🤖 AI Summary
Bayesian neural networks (BNNs) commonly suffer from overconfidence, hyperparameter sensitivity, and posterior miscalibration due to double-counting of training data during inference. To address these issues—particularly in image recognition—we propose the first factor-graph-based message-passing BNN framework tailored for convolutional neural networks (CNNs). Our method introduces an approximate message-passing mechanism grounded in Bayesian inference, explicitly eliminating double-counting in parameter updates, thereby substantially mitigating overconfidence. On CIFAR-10, our approach achieves superior calibration compared to AdamW and IVON, attaining an extrapolation uncertainty calibration correlation coefficient of 0.9. Experiments on synthetic data confirm highly accurate posterior credible interval coverage. Furthermore, the framework scales to MLPs with up to 5.6 million parameters. This work establishes a scalable, theoretically consistent paradigm for reliable uncertainty quantification in deep learning.
📝 Abstract
Bayesian neural networks (BNNs) offer the potential for reliable uncertainty quantification and interpretability, which are critical for trustworthy AI in high-stakes domains. However, existing methods often struggle with issues such as overconfidence, hyperparameter sensitivity, and posterior collapse, leaving room for alternative approaches. In this work, we advance message passing (MP) for BNNs and present a novel framework that models the predictive posterior as a factor graph. To the best of our knowledge, our framework is the first MP method that handles convolutional neural networks and avoids double-counting training data, a limitation of previous MP methods that causes overconfidence. We evaluate our approach on CIFAR-10 with a convolutional neural network of roughly 890k parameters and find that it can compete with the SOTA baselines AdamW and IVON, even having an edge in terms of calibration.

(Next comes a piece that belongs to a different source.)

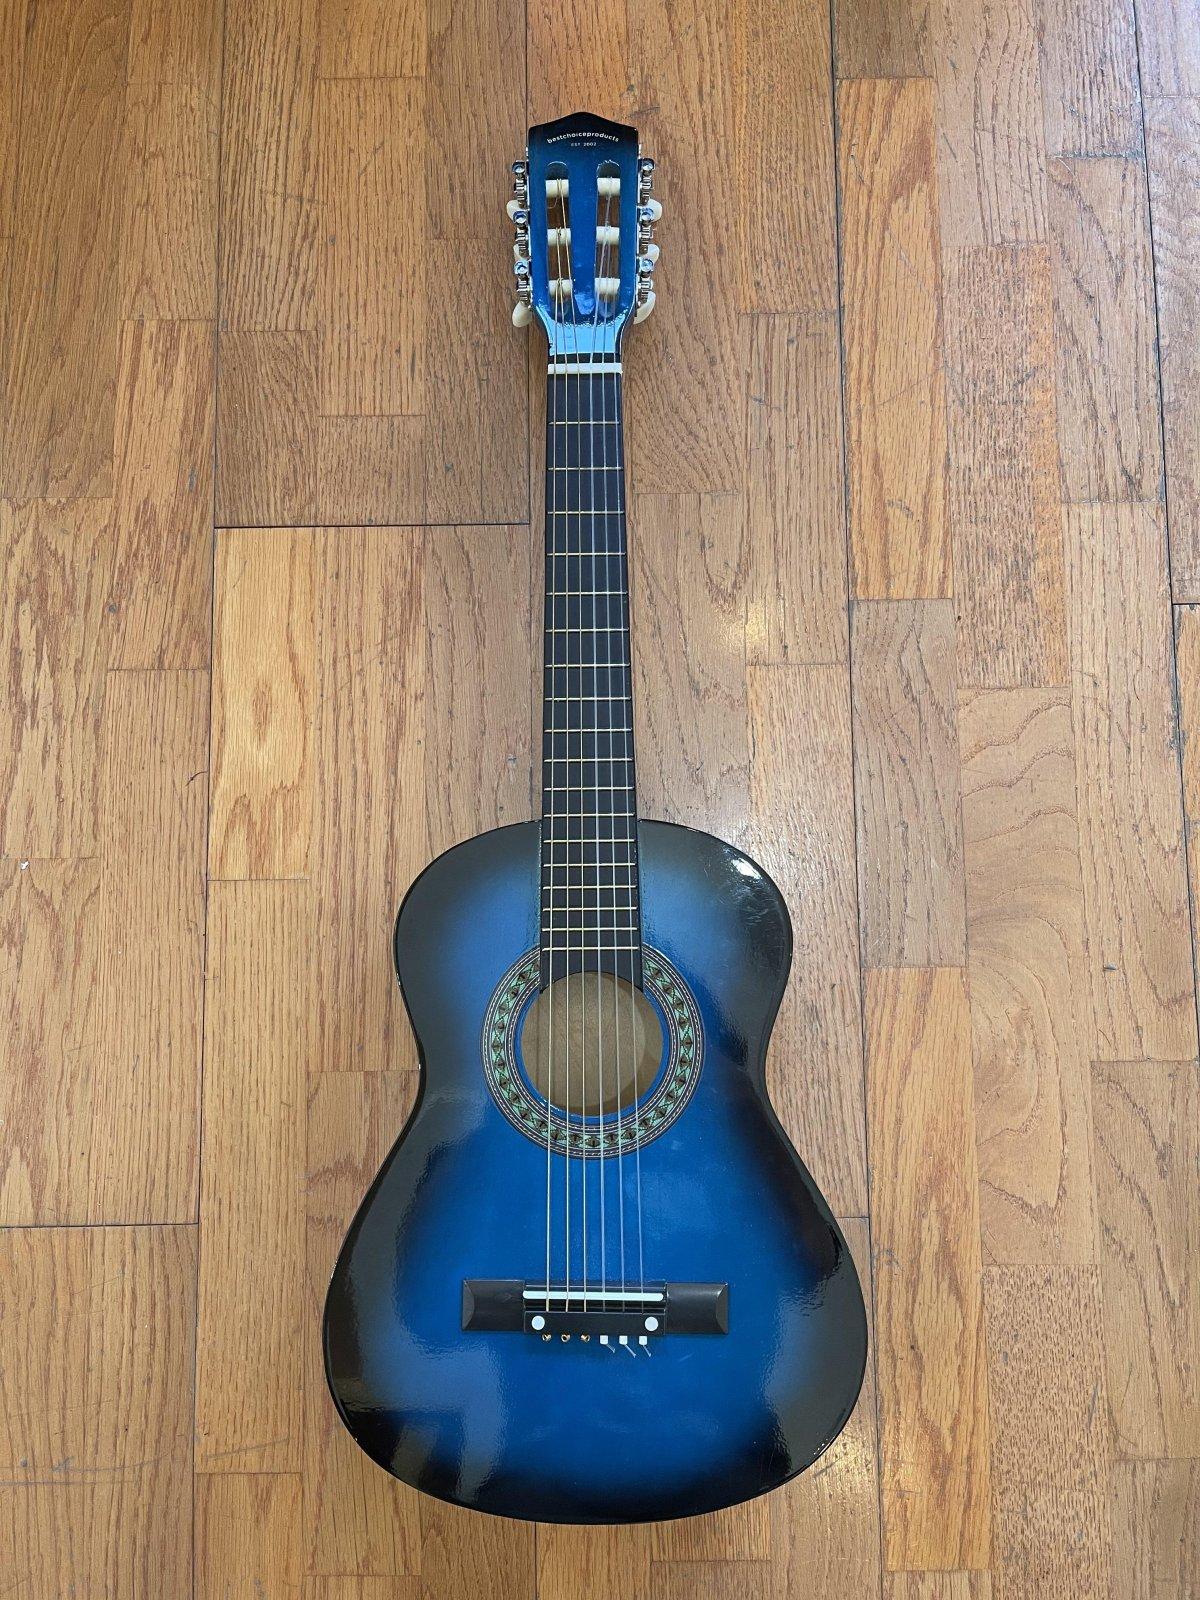 Best Choice Beginner Blue Children's Guitar

On synthetic data, we validate the uncertainty estimates and observe a strong correlation (0.9) between posterior credible intervals and its probability of covering the true data-generating function outside the training range. While our method scales to an MLP with 5.6 million parameters, further improvements are necessary to match the scale and performance of state-of-the-art variational inference methods.